The Asian section of the 2018 FIFA World Cup qualification acted as qualifiers for the 2018 FIFA World Cup, held in Russia, for national teams which were members of the Asian Football Confederation (AFC). 4.5 slots (four direct slots and one inter-confederation play-off slot) in the final tournament were available for AFC teams.

On 16 April 2014, the AFC Executive Committee approved a proposal to merge the preliminary qualification rounds of the FIFA World Cup and the AFC Asian Cup, which expanded to 24 teams starting in 2019. Therefore, the first two rounds of the FIFA World Cup qualifiers also acted as qualifiers for the 2019 AFC Asian Cup in the United Arab Emirates.

Format
The qualification structure was as follows:
First round: 12 teams (ranked 35–46) played home-and-away over two legs.

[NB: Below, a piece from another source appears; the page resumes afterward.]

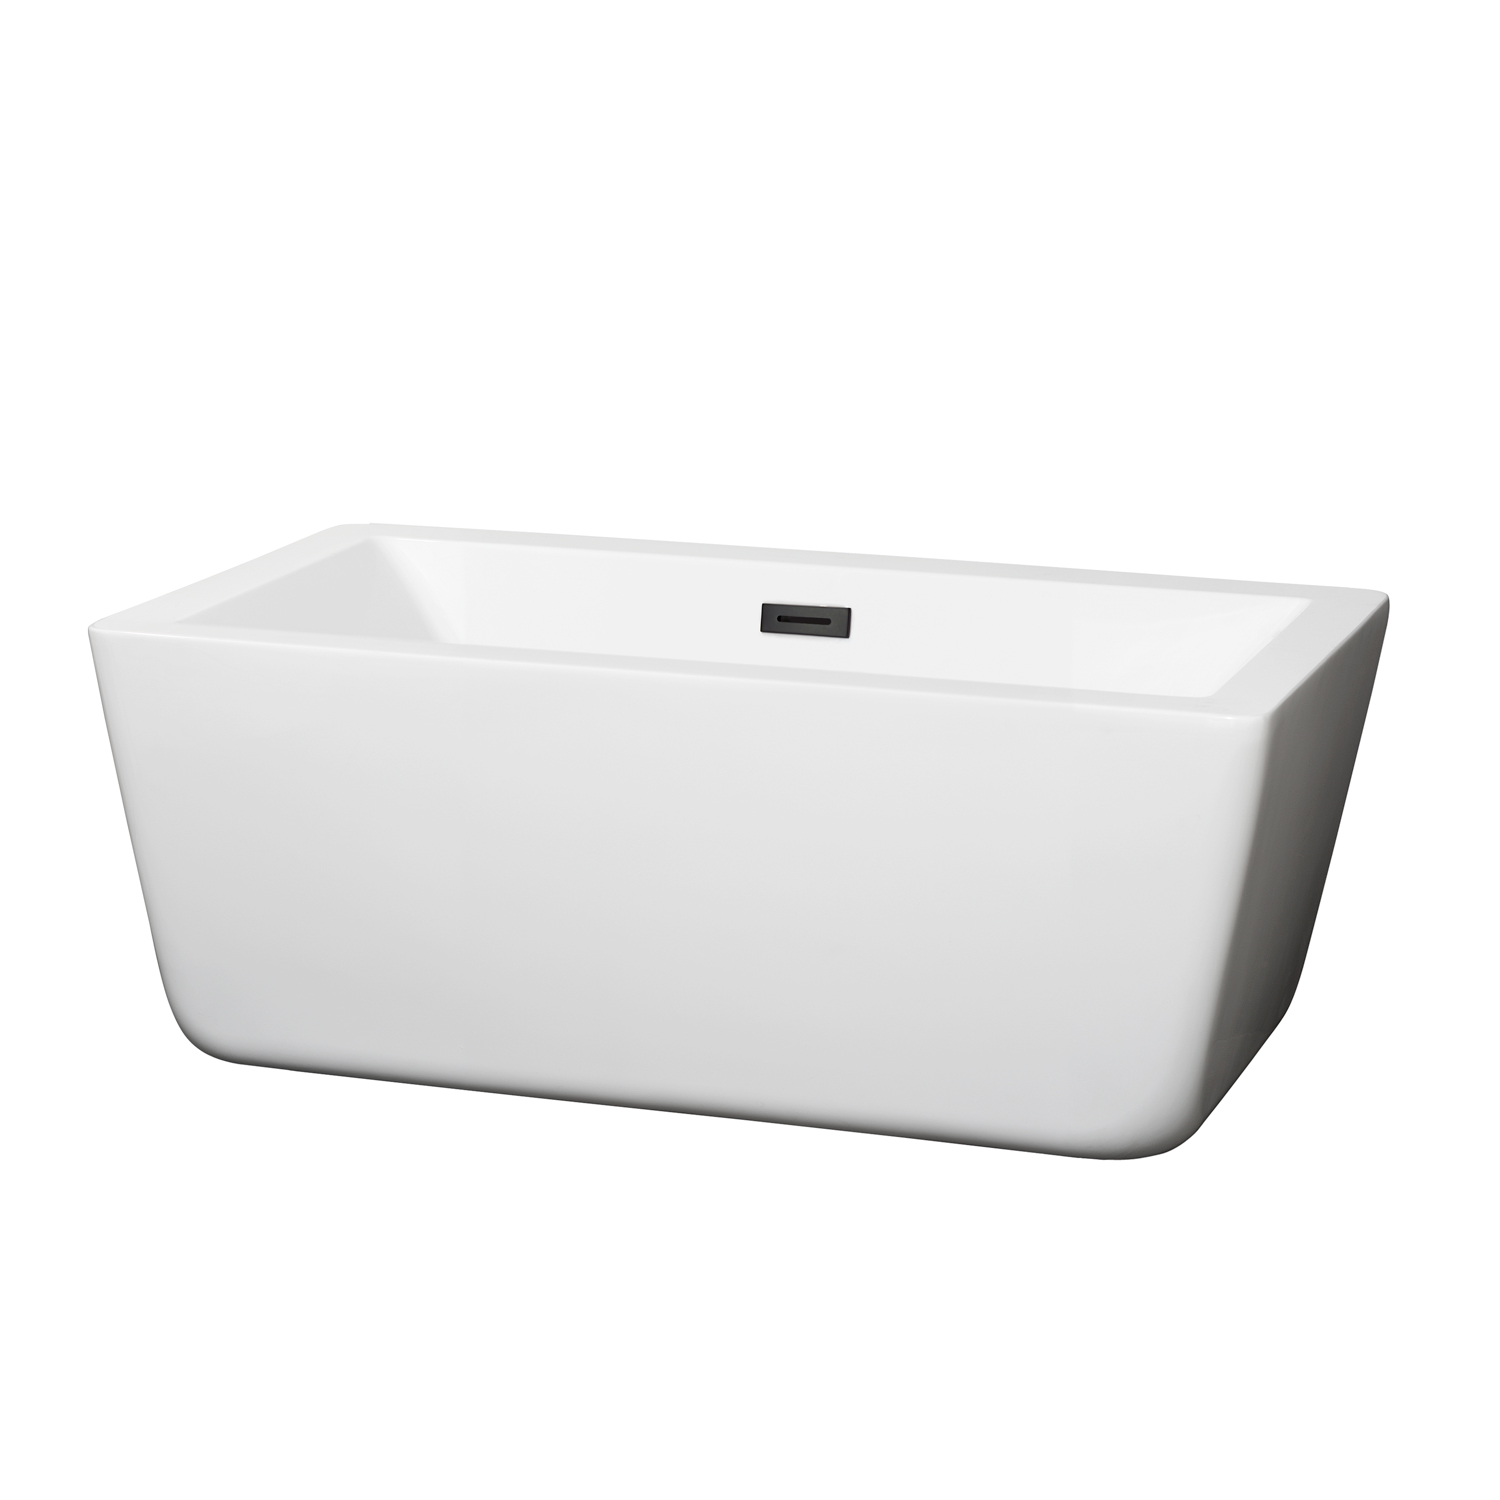 59" Freestanding Bathtub in White with Matte Black Drain and Overflow Trim
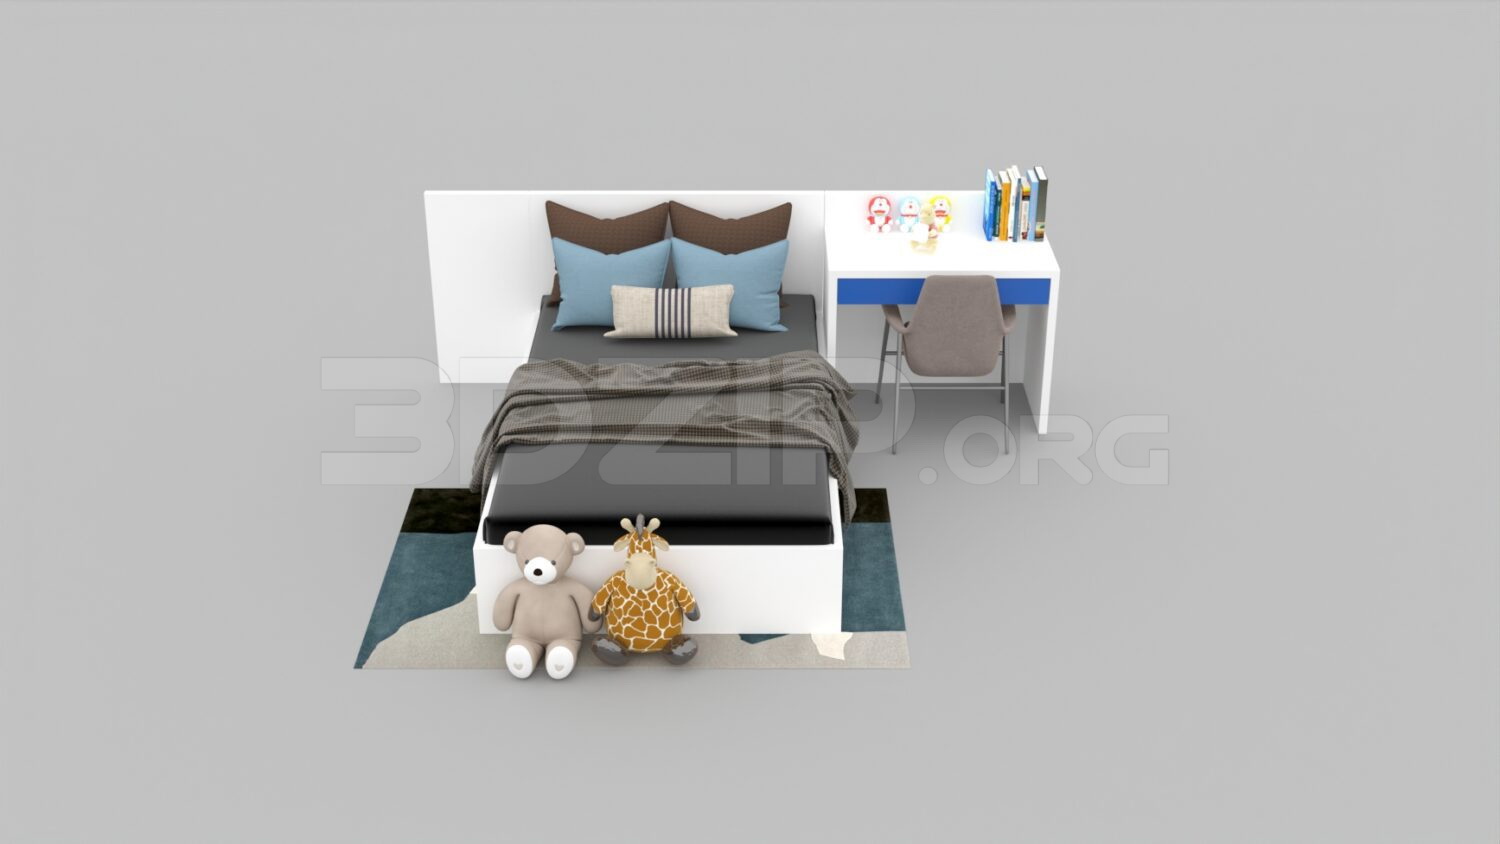 2511. Download Free Bed Model By Thanh Cong

The six winners advanced to the second round.
Second round: 40 teams (ranked 1–34 and six first round winners) were divided into eight groups of five teams to play home-and-away round-robin matches. The eight group winners and the four best group runners-up advanced to the third round of FIFA World Cup qualification.
Third round: 12 teams (an increase from ten for 2014) which had advanced from the second round were divided into two groups of six teams to play home-and-away round-robin matches. The top two teams of each group qualified for the 2018 FIFA World Cup, and the two third-placed teams advanced to the fourth round.
Fourth round: Two third-placed teams of each group from the third round played home-and-away over two legs. The winners advanced to the inter-confederation play-offs.

Entrants
The 46 FIFA-affiliated nations from the AFC entered qualification. In order to determine which nations would compete in the first round and which nations would receive a bye through to the second round, the FIFA World Rankings of January 2015 were used (shown in parentheses), as those were the latest published rankings prior to the first round draw. The FIFA Rankings of January 2015 were also used for seeding of the first round draw; however, for seeding in the second round and third round draws, the most recent FIFA Rankings prior to those draws were used.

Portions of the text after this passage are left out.